What is lethal multiple pterygium syndrome?

Lethal multiple pterygium syndrome is characterized by stillbirth or death of an infant shortly after birth. Affected infants usually have underdeveloped lungs, diaphragmatic hernia and abnormalities of the heart, kidneys and brain in addition to webbed skin in multiple areas and contractures.

Is Escobar syndrome fatal?

The two forms of multiple pterygium syndrome are differentiated by the severity of their symptoms. Multiple pterygium syndrome, Escobar type (sometimes referred to as Escobar syndrome) is the milder of the two types. Lethal multiple pterygium syndrome is fatal before birth or very soon after birth.

What kind of disease did pablo Escobar have?

Individuals with multiple pterygium syndrome, Escobar type may also develop a restriction of the joints, known as arthrogryposis, a sideways curve of the spine ( scoliosis ), and distinctive facial features. Males with this condition can have undescended testes (cryptorchidism).

Why is it called Escobar syndrome?

It however got its name Escobar syndrome in 1982 after Escobar[2] who along with his associates prepared an extensive report on this disease in 1978. The genetic defect of this condition has been identified as the gamma subunit of the nicotinic acetylcholinergic receptor.

Is popliteal pterygium syndrome a rare disease?

Popliteal pterygium syndrome is a rare condition, occurring in approximately 1 in 300, 000 individuals. Mutations in the IRF6 gene cause popliteal pterygium syndrome. The IRF6 gene provides instructions for making a protein that plays an important role in early development.

Is arthrogryposis a neurological disorder?

The cause is unknown, although arthrogryposis is thought to be related to inadequate room in utero and low amniotic fluid. The patient may have an underlying neurological condition or connective tissue disorder.

Did Pablo Escobar sleep?

Pablo, who never went to bed before dawn, was obsessed with sleeping in his own bed and by 5am he would head off to join his long-suffering wife in the marital home.

Can pterygium be congenital?

A pterygium may occur congenitally and may even be hereditary (Armaignac, 1914). It is suggested that a pterygium may be considered to be a sign of congenital degeneration or disorder of the comeal nerves of the particular segment, leading to degeneration of the overlying layers of the cornea.

What is Larsen syndrome?

Larsen syndrome is a disorder that affects the development of bones throughout the body. The signs and symptoms of Larsen syndrome vary widely even within the same family. Affected individuals are usually born with dislocations of the hips, knees, or elbows.

What is Multiple pterygium syndrome lethal type?

Multiple pterygium syndrome lethal type is a very rare genetic condition affecting the skin, muscles and skeleton. It is characterized by minor facial abnormalities, prenatal growth deficiency, spine defects, joint contractures, and webbing (pterygia) of the neck, elbows, back of the knees, armpits, and fingers.
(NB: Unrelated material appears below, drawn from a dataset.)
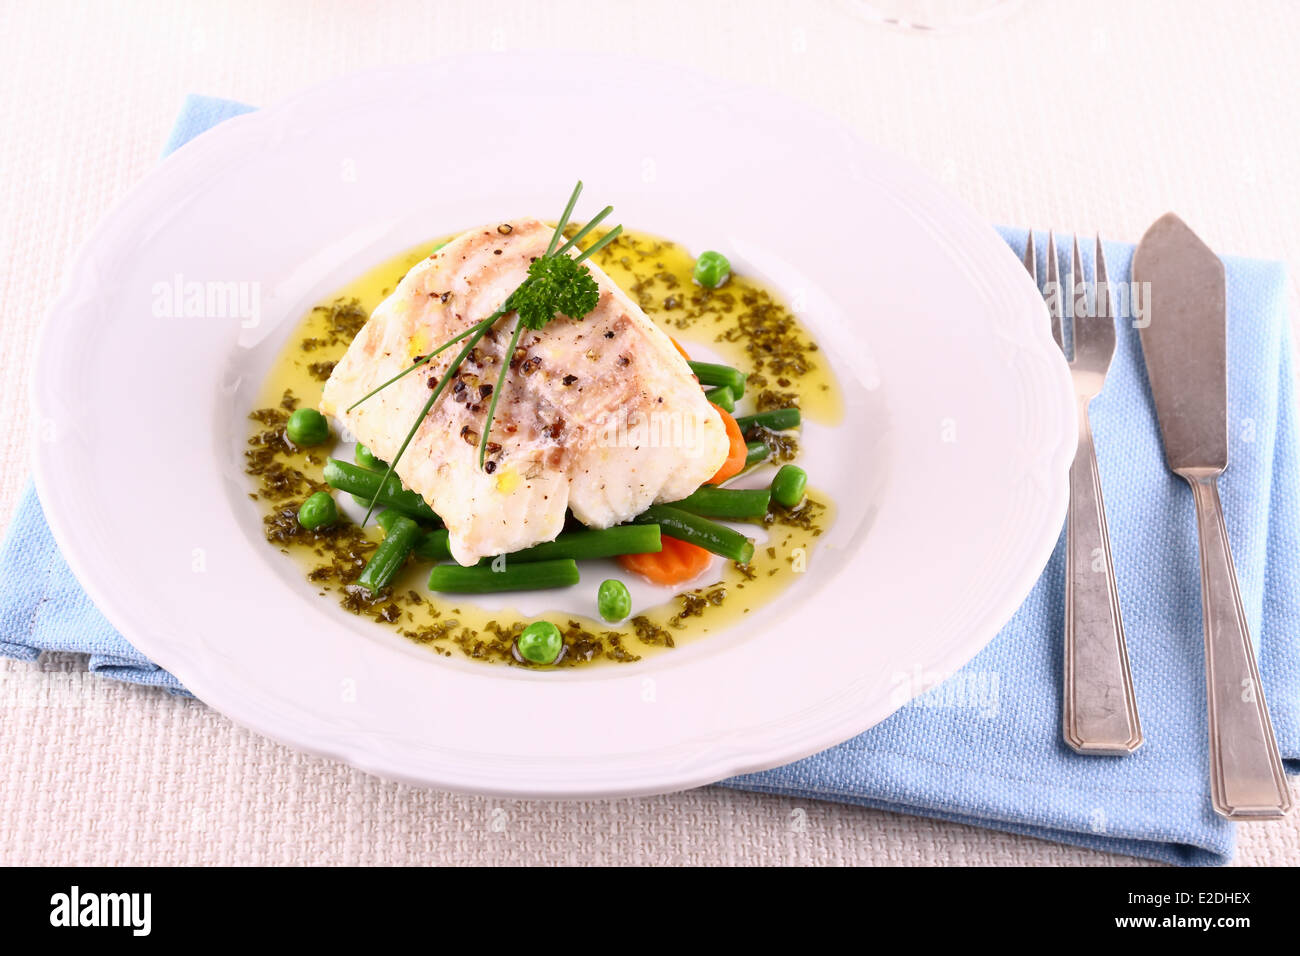 Cod fillet with green beans, peas, parsley, olive oil, close up Stock Photo

What is popliteal pterygium syndrome?

Popliteal pterygium syndrome. Popliteal pterygium syndrome (PPS) is an inherited condition affecting the face, limbs, and genitalia. The syndrome goes by a number of names including the popliteal web syndrome and, more inclusively, the facio-genito-popliteal syndrome. The term PPS was coined by Gorlin et al..

What is the pathophysiology of pterygium?
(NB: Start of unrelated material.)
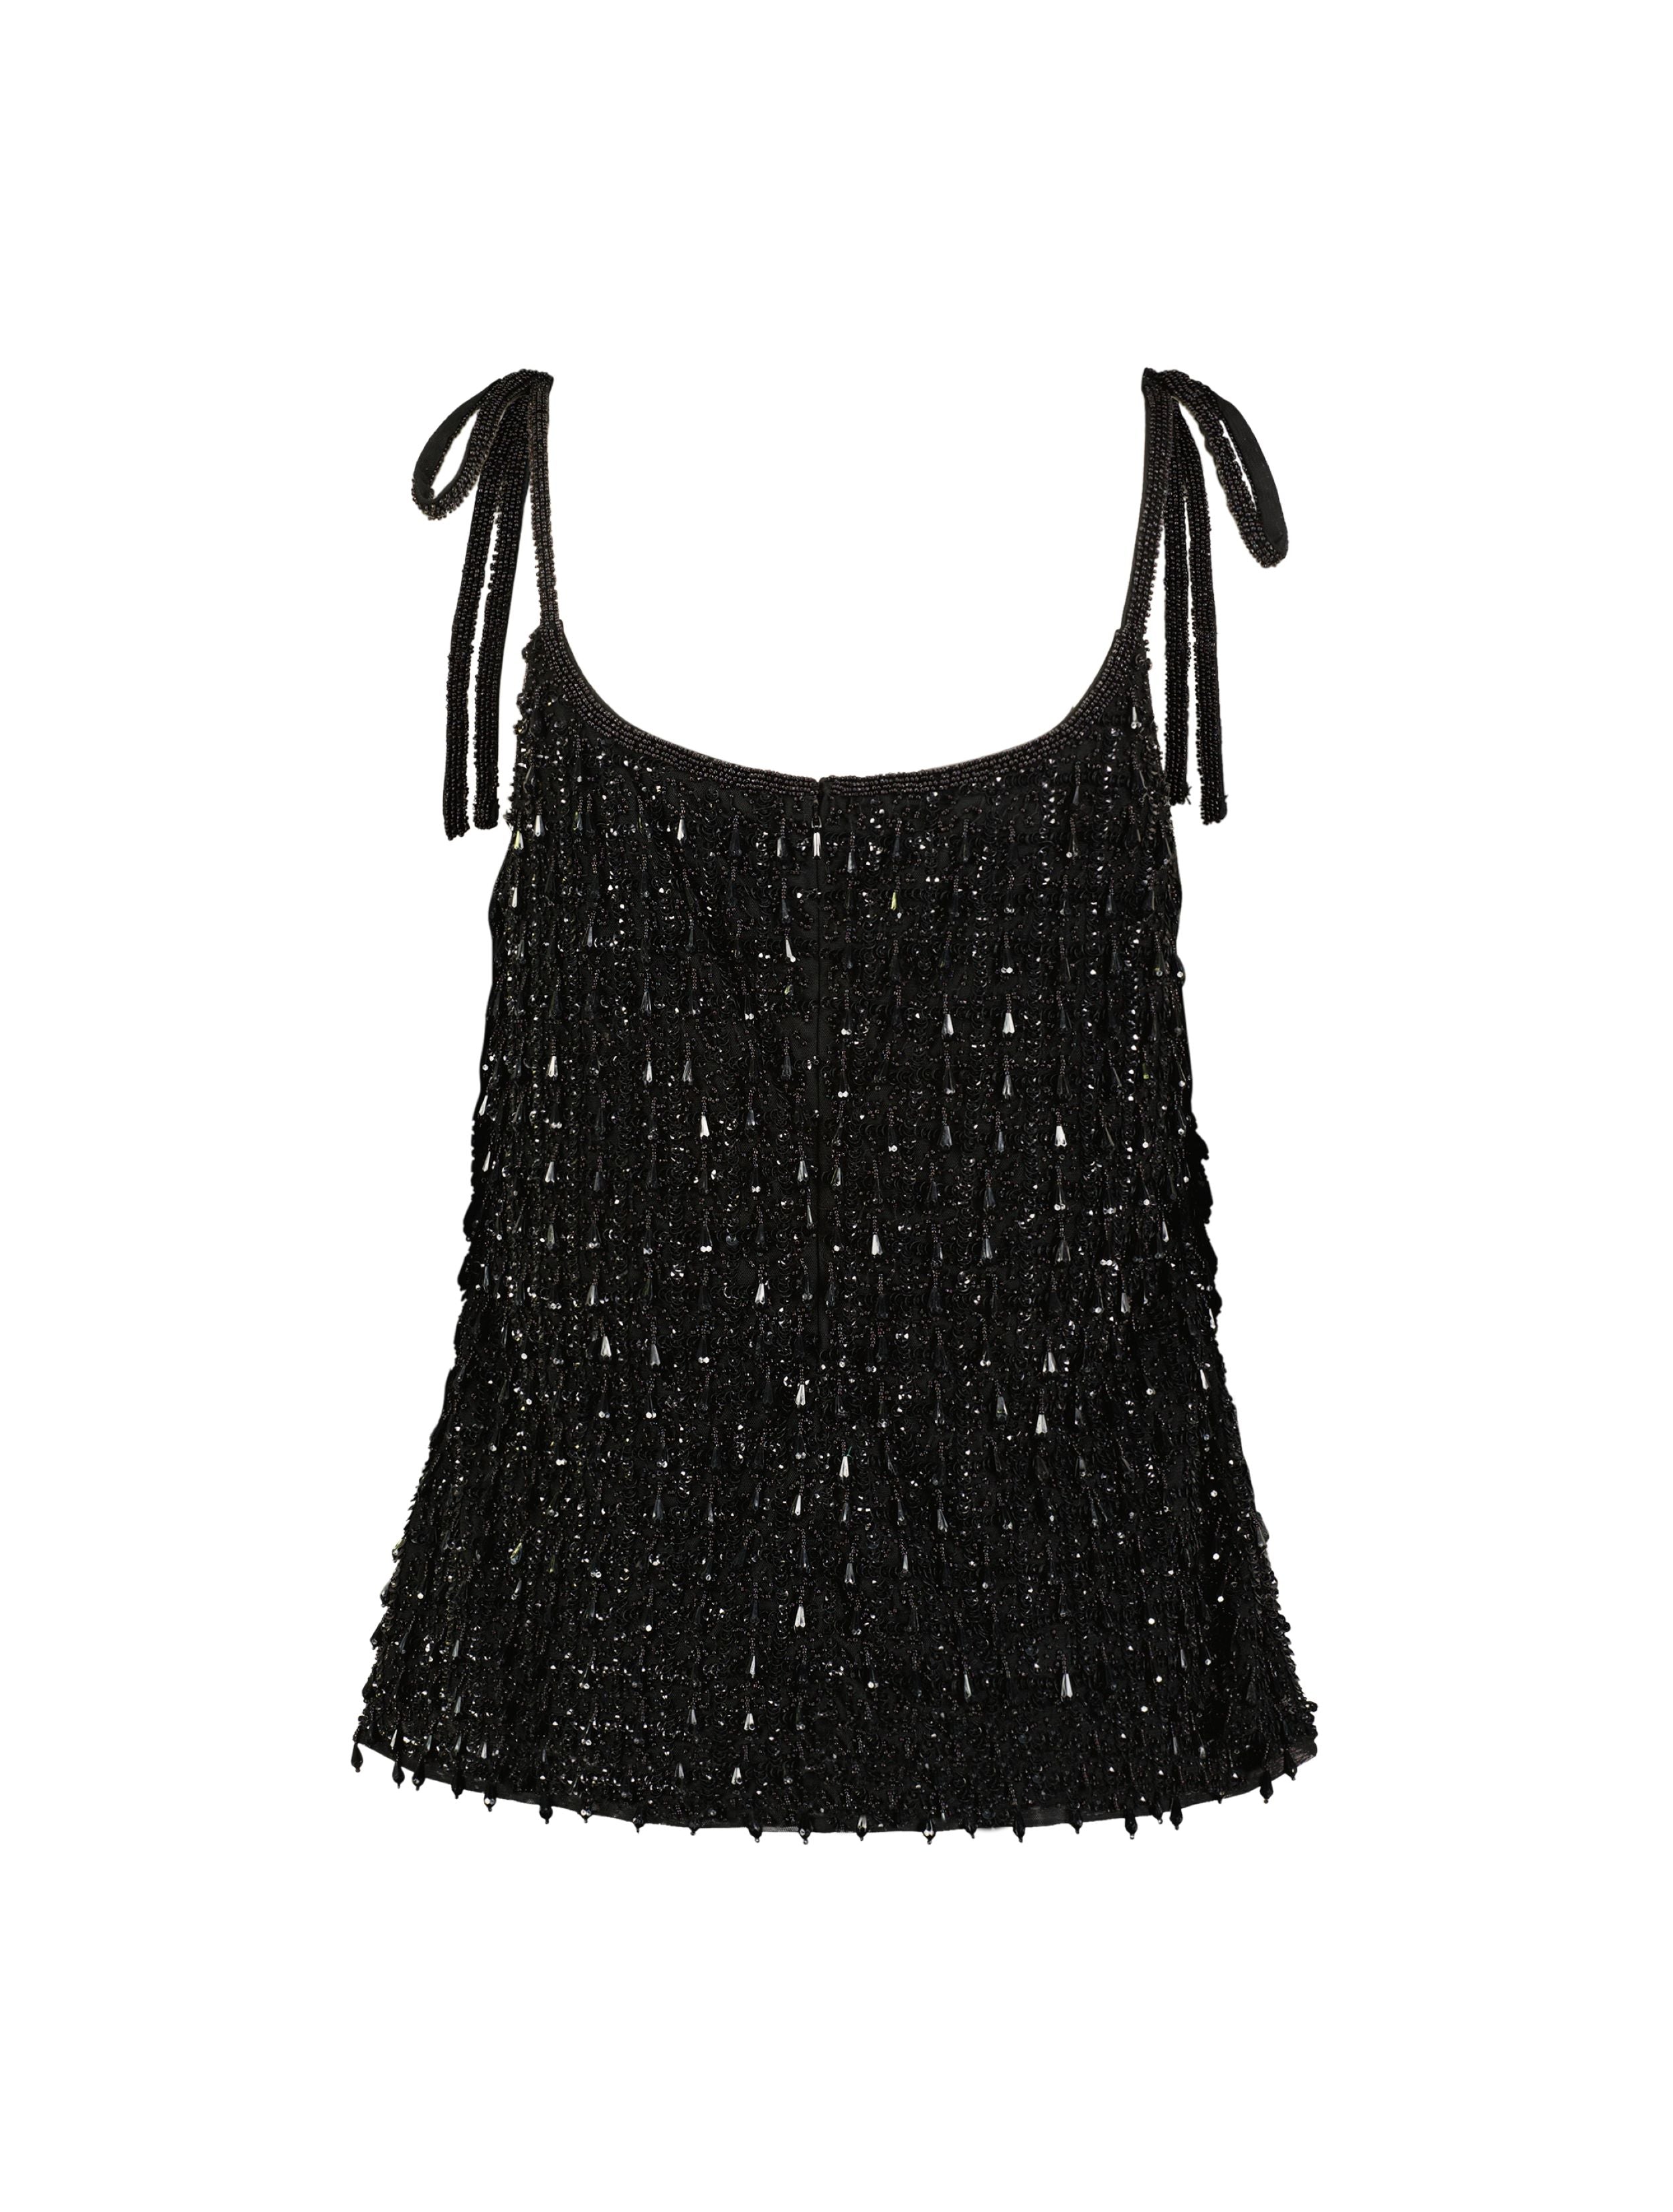 Rhinestone Bra Cami Party Top - Black – The Painted Cottage

It is primarily characterized by the presence of pterygia (or wings) present in two or more body areas overlying predominantly the large joints. Accompanying joint contractures are almost always present. The majority of cases carry an autosomal recessive inheritance while a small proportion of cases may carry an X-linked recessive inheritance.

What are the signs and symptoms of pterygia?

It is characterized by minor facial abnormalities, prenatal growth deficiency, spine defects, joint contractures, and webbing (pterygia) of the neck, elbows, back of the knees, armpits, and fingers. [1] Fetuses with this condition are usually not born.